Monday, January 28, 2013

The Color of a Soul

The Color of a Soul
by Lynda Allen

His face was empty but I could still glimpse his life in his eyes.  A life that no longer mattered here on this field of destruction.  I can feel movement around me but all I can do is look into his unblinking eyes.  He was my brother in what seems like another world.  I can’t remember my own name, only the color of his eyes in the summer sun.  How could someone we don’t know have taken his life?  I can’t grasp the truth or insanity of it.  

Bullets and bodies continue to fall around me but have no impact on me.  Not a tear falls upon his body; they dried up long ago with others lost.  But this, this is different.  I have no words for the difference, for the smell in the air, for the scene before me.  It’s beyond anything imaginable, beyond Sunday school Hell. The sounds register on some level, the cries and orders barked around me.  Still none of it touches me.  There is only him and me and this frozen moment.  Frozen like the cold blue of his eyes, frozen like the blood in my veins.  No anger emerges to set me in motion, to avenge his small life, a life small enough not to be noticed by those who lunge past.  A life unnoticed by the eyes of war.

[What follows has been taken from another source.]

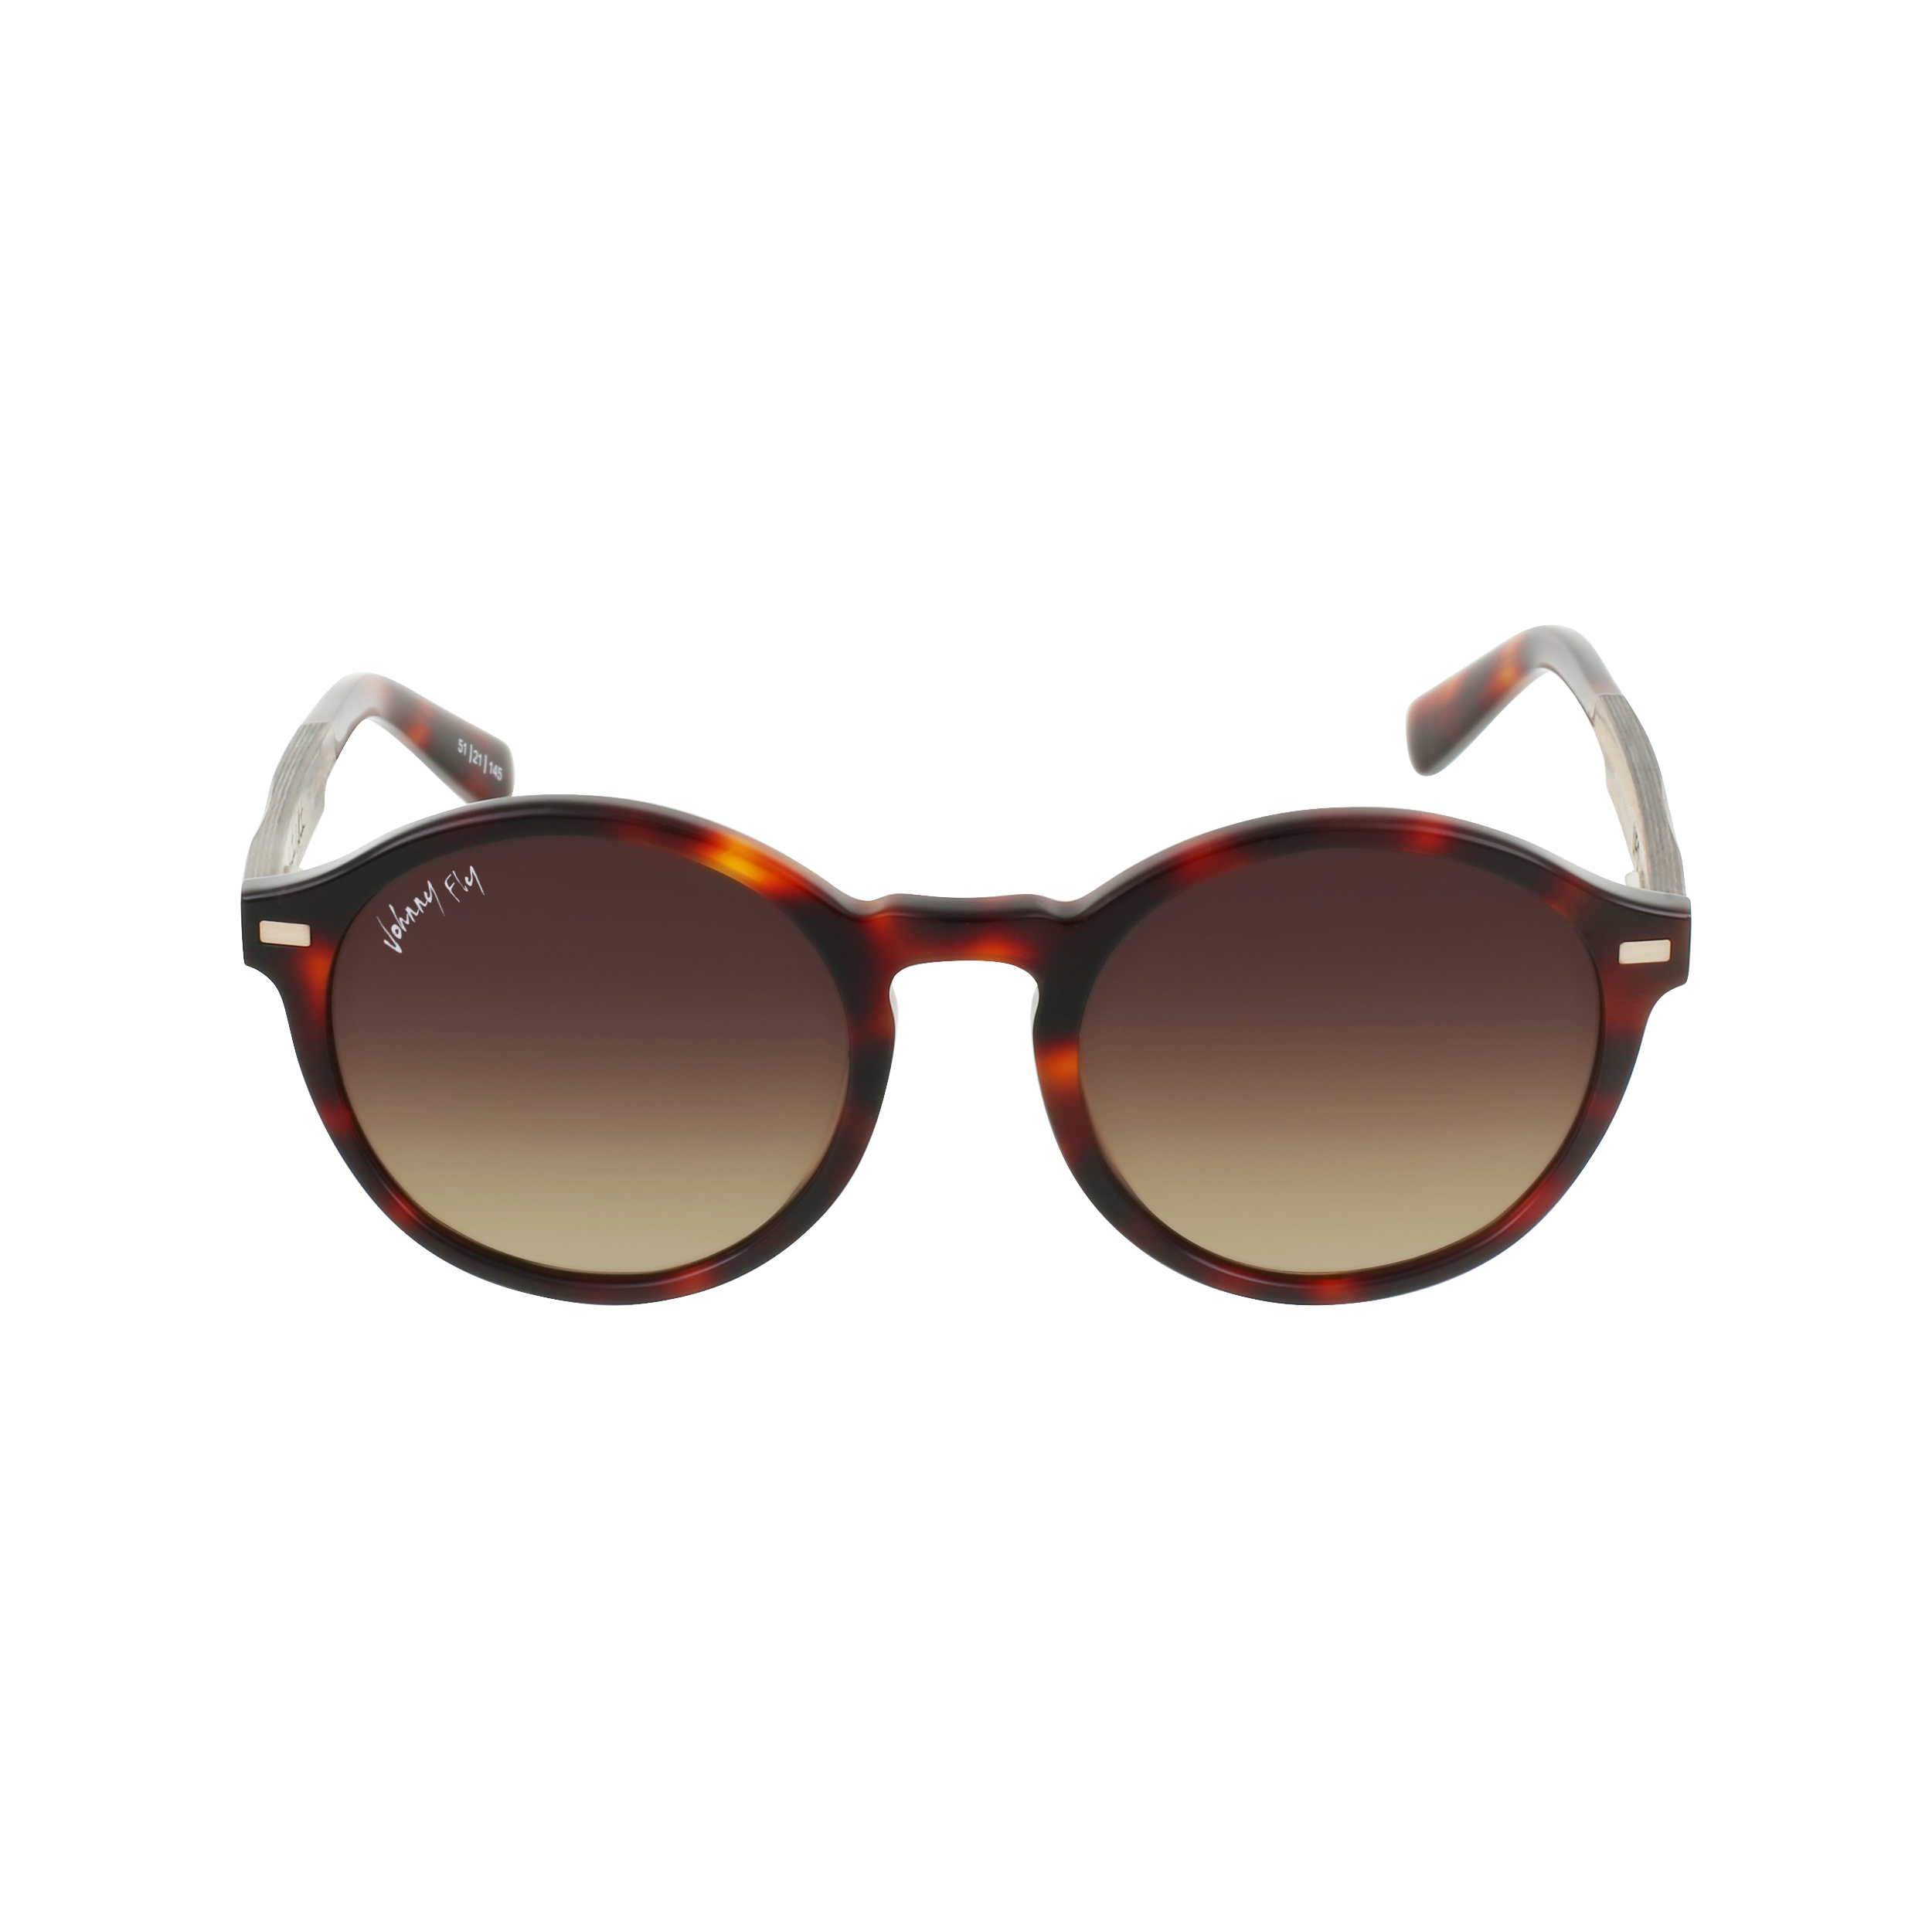 UFO Sunglasses Frame - Classic Tortoise- Johnny Fly | UFO-CTRT-BG126-BGR-EBN | |

Someone removed me eventually from the site and later his body was collected and counted and prepared for the last trip home.  They let me accompany him; not knowing what else to do with me.  I had not spoken nor heard a word since they found me there by his side.  What to do with a soldier who can neither speak nor hear?  Ship him home along with the dead, as useless to the battle as they now are.  They don’t know I never left that battle.  Still I reside there where my heart, my hope, my brother’s last breath lay buried among the monuments of great deeds. 

Great deeds; brothers killing brothers they’ve never known.  My greatest deed was being his older brother.  That deed ended with one bullet from the gun of one who never knew the color of his eyes dead or alive.  For the color was slightly different in death.  I didn’t know the soul had color, but it must for it took some blue from his eye when it left him behind.  The mud on his face, the tone of his skin, the ever present green of his uniform, all were the same.  All the same but his eyes. If his eyes had been closed things might have been different.  I might have been able to move or breathe. 

So I flew home beside him thinking it couldn’t get worse, but back home I had to look Mom in the eyes, eyes the same color as his in life, now the same color as his were in death.  Life and soul gone from her too.  A flag, a dog tag, a telegram how can they fill a void so wide?  

I wanted to comfort her.  I wanted to have the right words.  There are no words of comfort from a field of battle drenched in blood and sorrow.  The best I could do was to lead her away from the grave where her heart now lay buried, just as they led me away from the ground where my heart lies.  What will grow where hearts lie buried?  There’s nothing for me but to silently pray that where a heart is buried, love can one day put down roots.